One of the interesting things that came out of the Lisa Ann Jules Jordan story is how the use of the term “master” has changed in a relatively very short period of time.
If you are old school like me and date back to before films were shot on digital cameras or rapes then you know that the camera masters were the absolute MOST valuable copy of the video. The reason is because in those days, when everything was analog you lost quality with every copy generation, so typically you made copies of your camera masters…those were called second generation copies, you then used those to edit, creating the edit masters, which were third generation copies, from those you made your duplication masters which were fourth generation copies and from those you made the product for the cutomer typically those would be fifth or sixth generation masters….and remember ever generation loses sme quality from the generation before it, so by the eith generation the quality was usually bad enough that it was starting to be unwatchable.
As you might understand those camera masters being the original first generation video were lik gold, you protected those at all costs.
Digital video changed that, when you make a digital copy of a digital master there is no generation loss the copy is in every way identical to the source. These days as is the case with Lisa Ann’s “masters” the term is used a bit differently because her masters are actually digital files the duplication master is in every way exactly as good quality as the camera master.

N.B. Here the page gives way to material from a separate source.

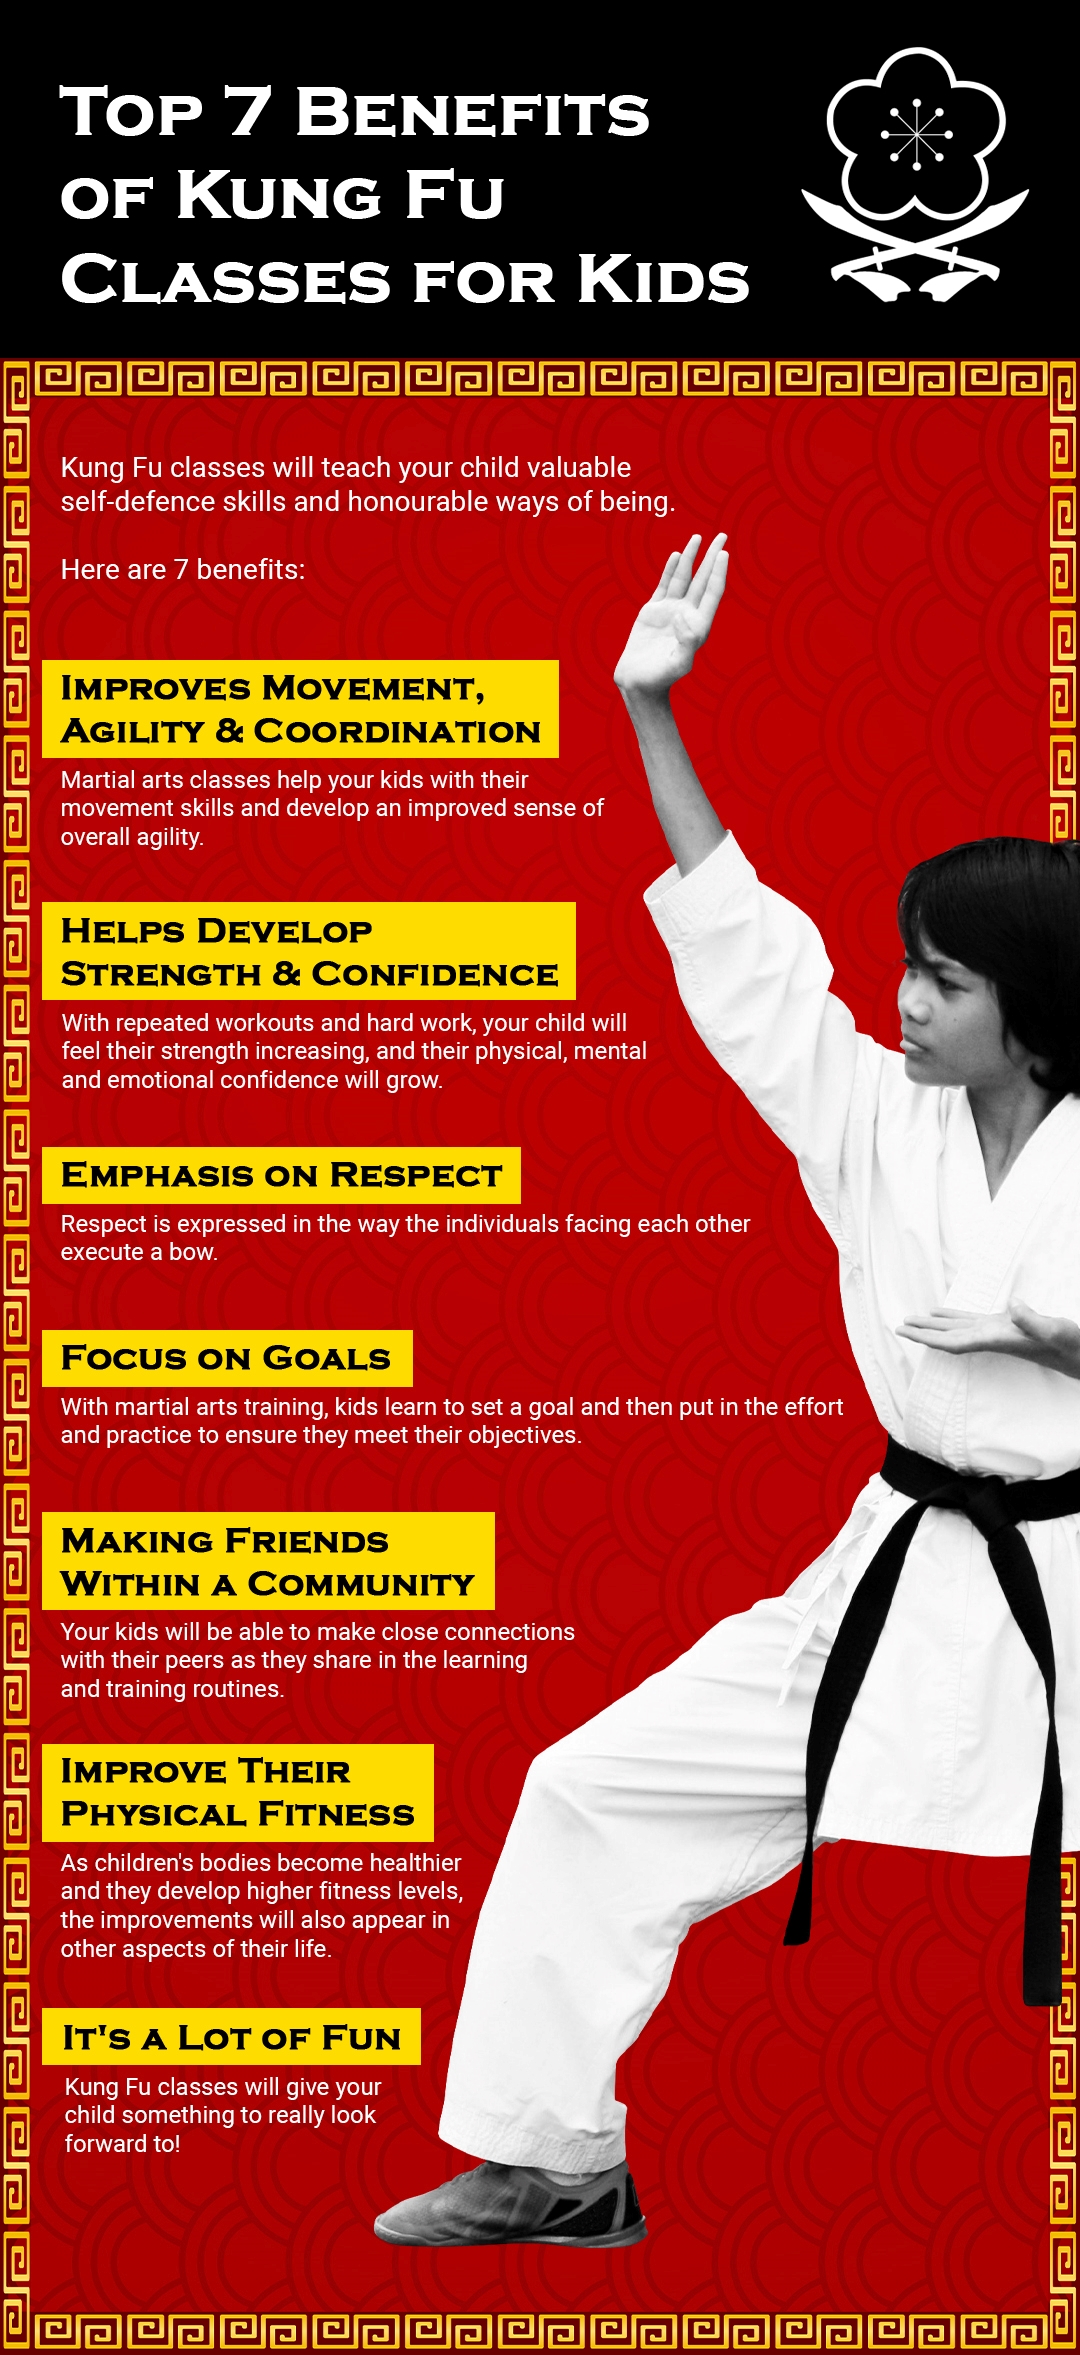 Top 7 Benefits of Kung Fu Classes for Kids

When the video is compressed to fit on DVD there is some quality loss in the compression but a copy of a copy of a caopy of a copy of the DVD you bought in a store looks exactly like the DVD you bought in the store because as long as it is a copy and not recompressed it is identical in every way.
So you hear a lot of old schoolers saying that we would never allow the masters out of our hands…and that is true…but a copy of a digital master is identical in quality to the master
These days we typically create an edit master from digital copies of our original masters that edit master contains all the edits, effects, titling etc and is wha is sent to the duplicators for mass creation of the product (DVD, BluRay etc)
These are still called masters but you send one to your distributor who sends it to the duplicator to do your duplication, it is this master that Lisa Ann wants returned…not the camera masters, she has those.
But to understand think of it this way if I am distributing your product for you and I have edit masters or duplication masters I have the ability to do nefarious things with those masters so if I am no longer distributing your product you would not want me to have those masters because I could use them to do evil things to you, like create compilations and duplicate your product and sell it for 1 dollar a DVD. so it would be understandable that you would want any and all copies of your product returned.
I am not saying Jules Jordan would or would not do evil shit, but to ask for it all back is common business practice, as is returning it. Just remember that the term master has a very different meaning these days than it did when each copy of a copy was lower in quality than the copy before it. All of my analog masters are and always will be in my possession even though they have all been converted to digital these days…but back before digital that camera master was the best the video would ever look so they were much more tightly guarded.
3 Responses
When Is A Master A Master http://t.co/NYVxND8hRz
Agreed….very good point.
It’s just like when people go on about piracy today being no different from the VCR or cassette tapes… mind numb fucks who can’t understand the difference between the degraded copy of a copy of a copy and a pure perfect digital reproduction of something.
Digital changes everything, and generally not for the good.